Core Responsibilities
1. Be the point of contact for all aspects of the member in regard
to their appointments, care, and overall health.
2. Act as the liaison between the providers and their patient
panel, directing and delegating tasks to team members
3. Educate patients about their care options and make specific
recommendations based on their goals
4. Review paperwork for patients to ensure it meets all
requirements
5. Explain test results, diagnoses and other medical outcomes
6. Cover any additional triage and transition of care for patients
as needed
Health Literacy Improvement
1. Improves health literacy and coaches patients on chronic
conditions including disease process and trajectory, medication
education including possible side effects, plan of care, and
individualized care goals management in a culturally sensitive and
acceptable manner for the patient or caregiver.

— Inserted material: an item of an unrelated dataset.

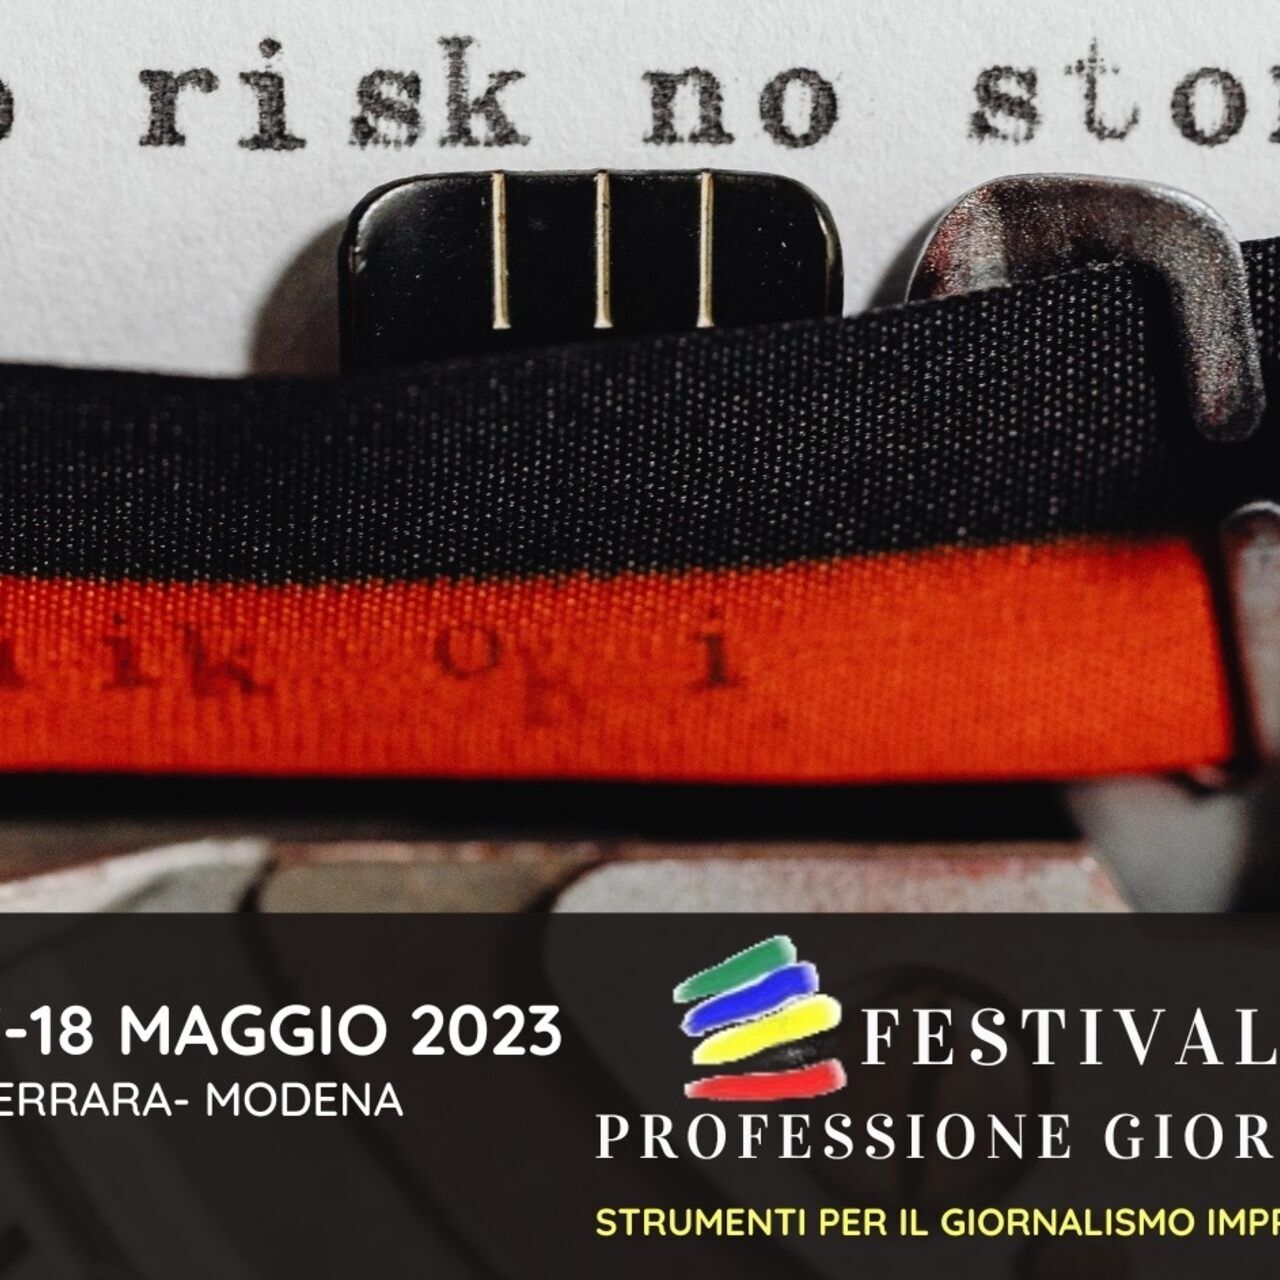 Professione del giornalista: il key visual dell’edizione 2023 del festival “Professione Giornalista” (Bologna, Ferrara, Modena, 15-16-17-18 maggio)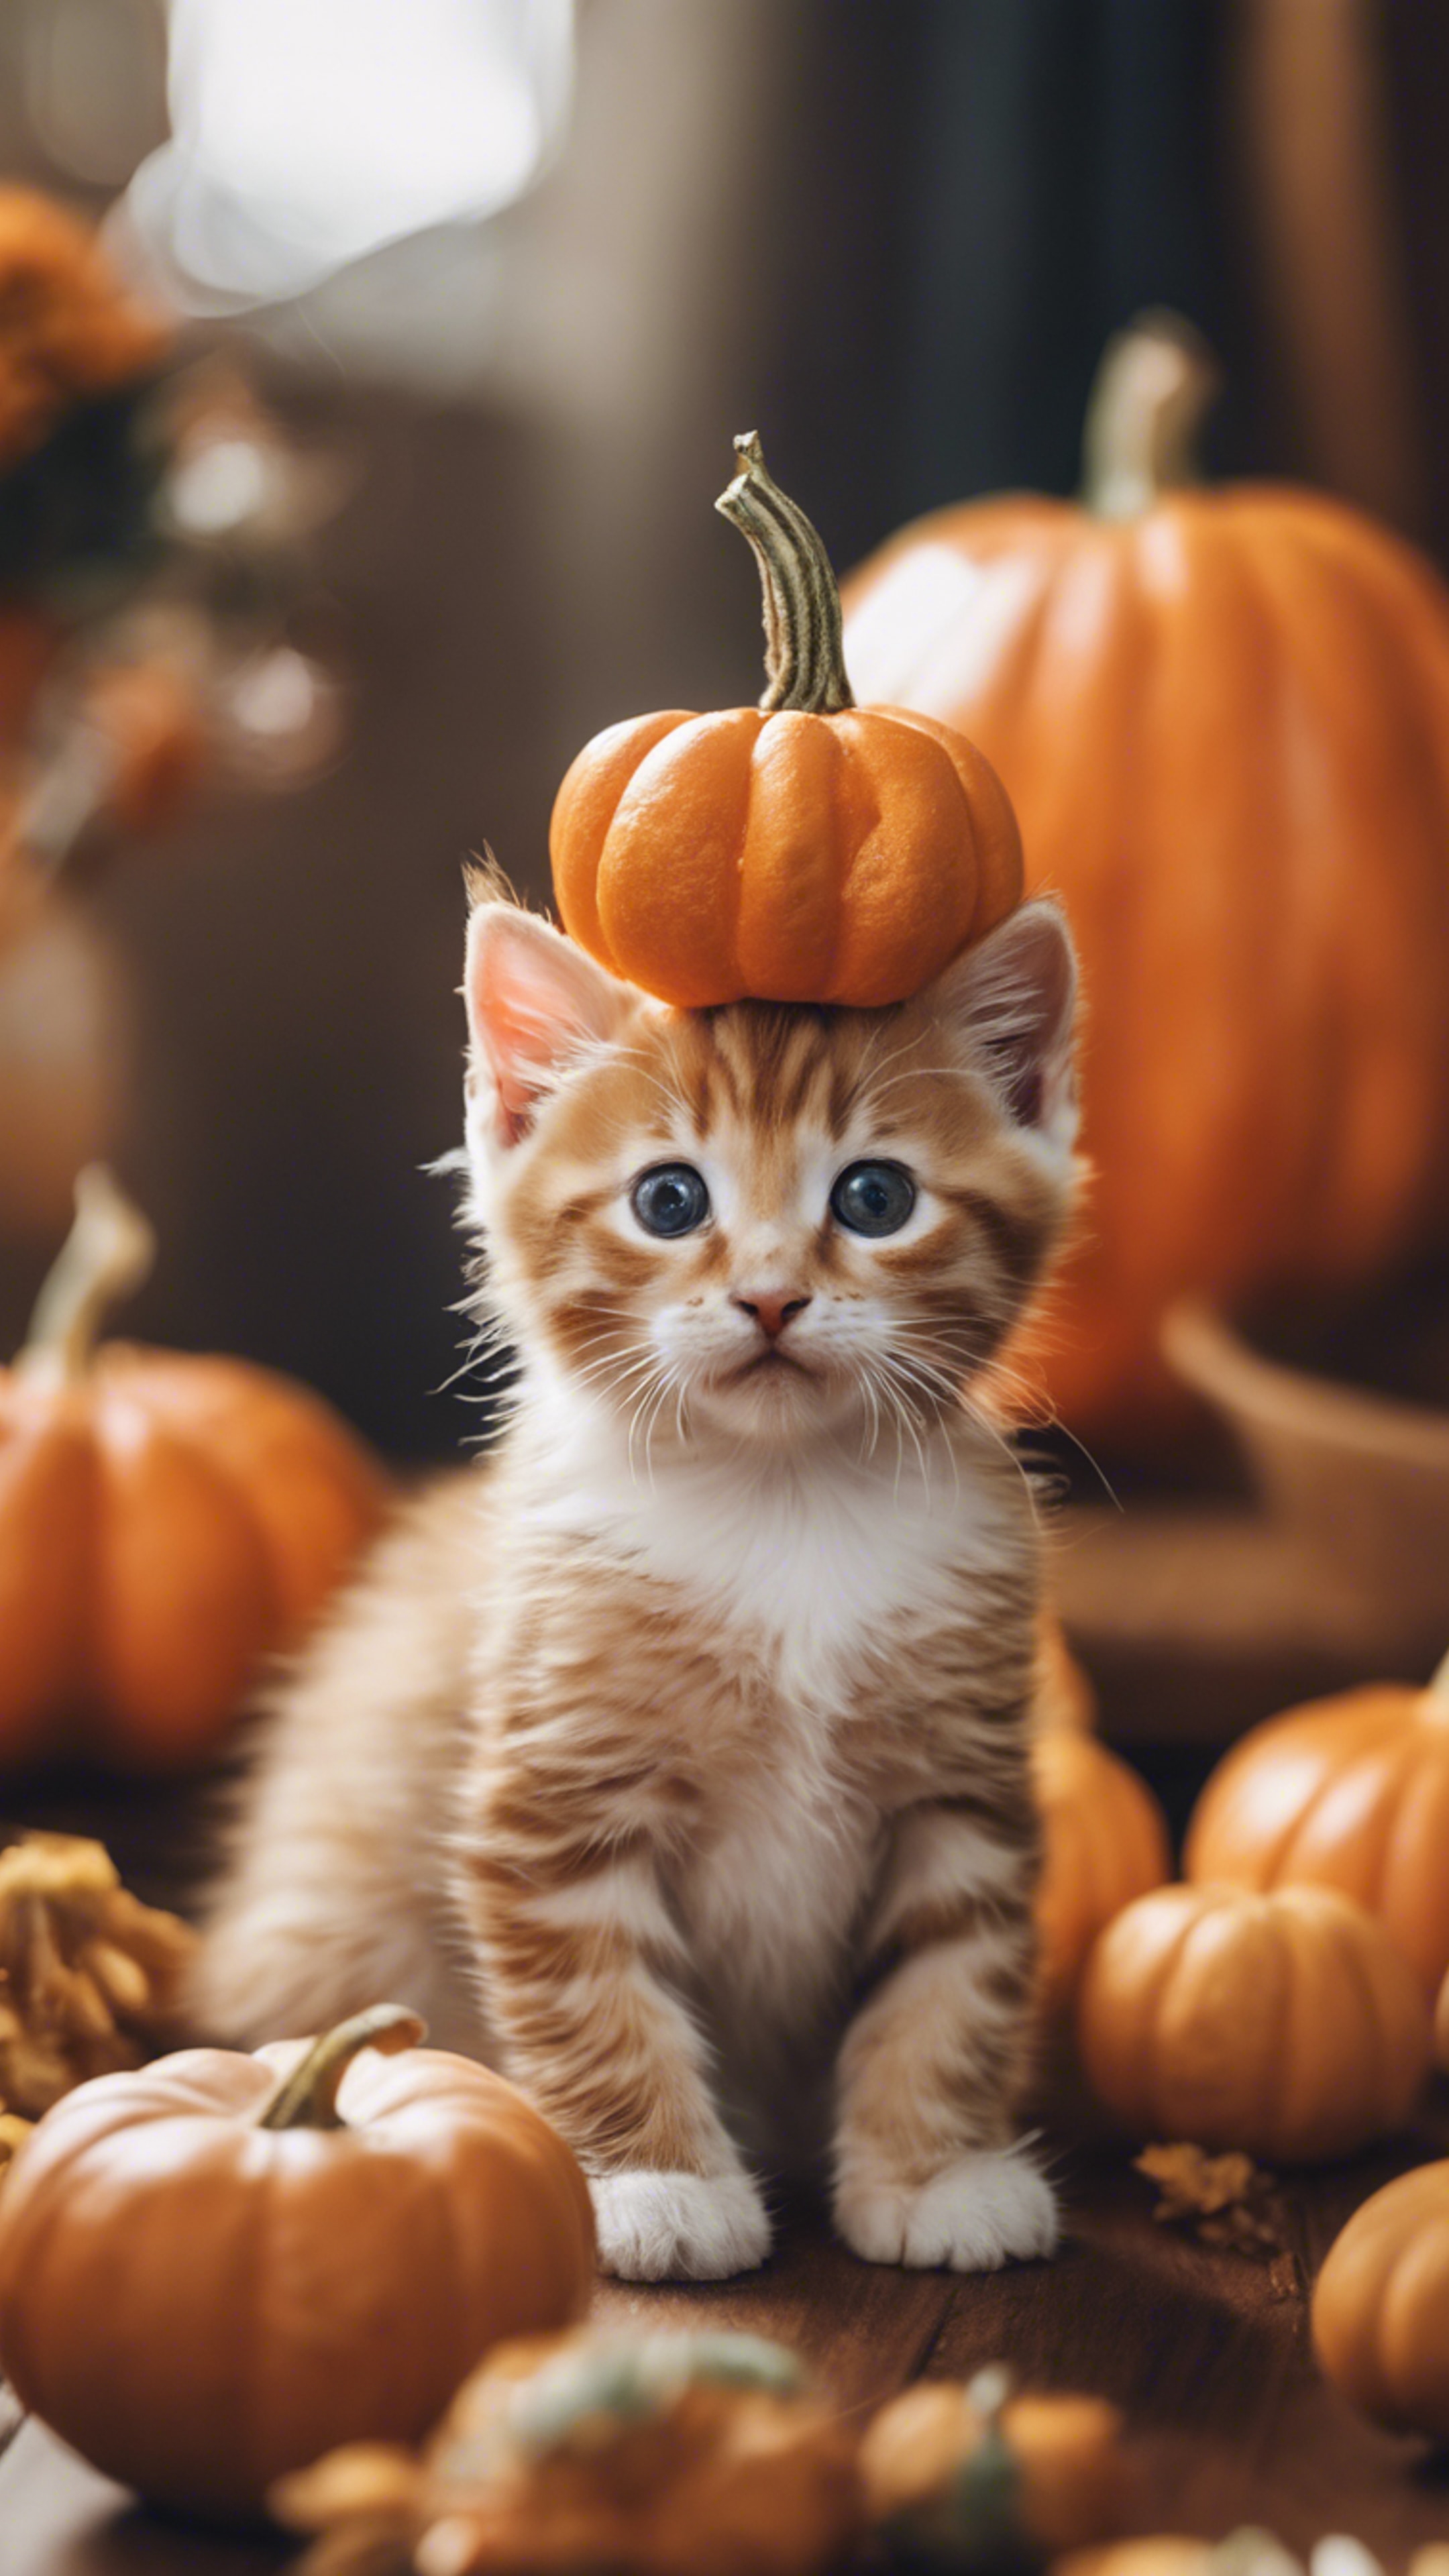 An orange tabby kitten dressed up as a tiny pumpkin for Halloween festivities. ورق الجدران[a5205dadd28d41bcbdef]

2. Identifies problems or gaps in care and offers opportunity for
intervention
3. Coordinates services and referrals to health programs and
participates in patient education and outreach tied to HEDIS
initiatives
4. Works to improve access to care and works as part of the team to
manage heath care cost and utilization
Provider Support
1. Completes telephonic nursing assessments including social
determinants of health screenings, post hospital discharge
screenings, triage, and other assessments assigned by provider
2. Assists with organizing and running a chronic care and/or
interdisciplinary care team rounds where high risk patients and
care plans are identified
3. Participate using a team approach to create a care plan for the
patient
4. Maintain and update spreadsheets and documents provided by
health plan to prep weekly rounds of documentation
Post-Acute Management and Coordination
1. Participation in weekly care coordination with health plan case
management as directed by market needs
2. Referral Management Care Coordination and tracking of hospice
consults within 24 hrs. of order placement
Diagnostics and Lab Result Management
1. Obtain Pre Authorization for all CT, MRI, Echo's ordered by
providers (Pt Coordinators to schedule)
2. Serves as a guide in their POD for all escalated orders and
results as clinically appropriate
Additional Responsibilities
Nursing Triage
1. Assess and triage immediate health concerns transferred to
nursing team by clinical support staff.
2. Provide telephonic nursing assessment and triage supported by
triage protocols. This includes, timely and accurate triage
documentation, escalation, and follow up
3. Initiate medication changes and other orders, as directed by
provider in response to a triage call.
Transition of Care
1. Monitors daily discharge list and develops a plan to schedule
transition of care visits within the allotted timeframe
2. Complete telephonic post-discharge hospital visits and ask
pertinent discharge triage questions and complete medication
reconciliation
3. Document all findings and make appropriate referrals to social
work, pharmacy, case management and engagement
Other telephonic patient care and provider support duties as
assigned
Competencies:
* Communicates Effectively - Developing and delivering multi-mode
communications that convey a clear understanding of the unique
needs of different audiences
* Manages Ambiguity- Operating effectively, even when things are
not certain or the way forward is not clear
* Courage - Stepping up to address difficult issues, saying what
needs to be said
* Manages Complexity - Making sense of complex, high quantity, and
sometimes contradictory information to effectively solve
problems
* Demonstrates Self-Awareness- using a combination of feedback and
reflection to gain productive insight into personal strengths and
weaknesses
* Situational Adaptability- Adapting approach and demeanor in real
time to match the shift in demands of different situations
* Collaborates - Building partnerships and working collaboratively
with others to meet shared objectives
Minimum Qualifications:
1) Active, unrestricted RN license in all states we provide
services
2) Ability to obtain compact license and/or additional state
licensure as needed
3) 3+ years of experience as a Registered Nurse
4) Proficient level of experience with Microsoft Office
applications, and strong technical aptitude
5) EMR experience and proficiency
6) BSN or ADN degree
Preferred Qualifications:
1) Previous experience working with the geriatric population/
chronic condition experience
2) Home Health experience
3) Triage experience
4) Case management experience
5) Previous customer service experience
6) Previous experience in a telephonic role
7) Highly organized, self-directed worker with an ability to
function in high volume environment
8) Strong verbal and written communication skills
9) Prior clinical experience in palliative care, end of life,
hospice, oncology, ICU, geriatrics is preferred.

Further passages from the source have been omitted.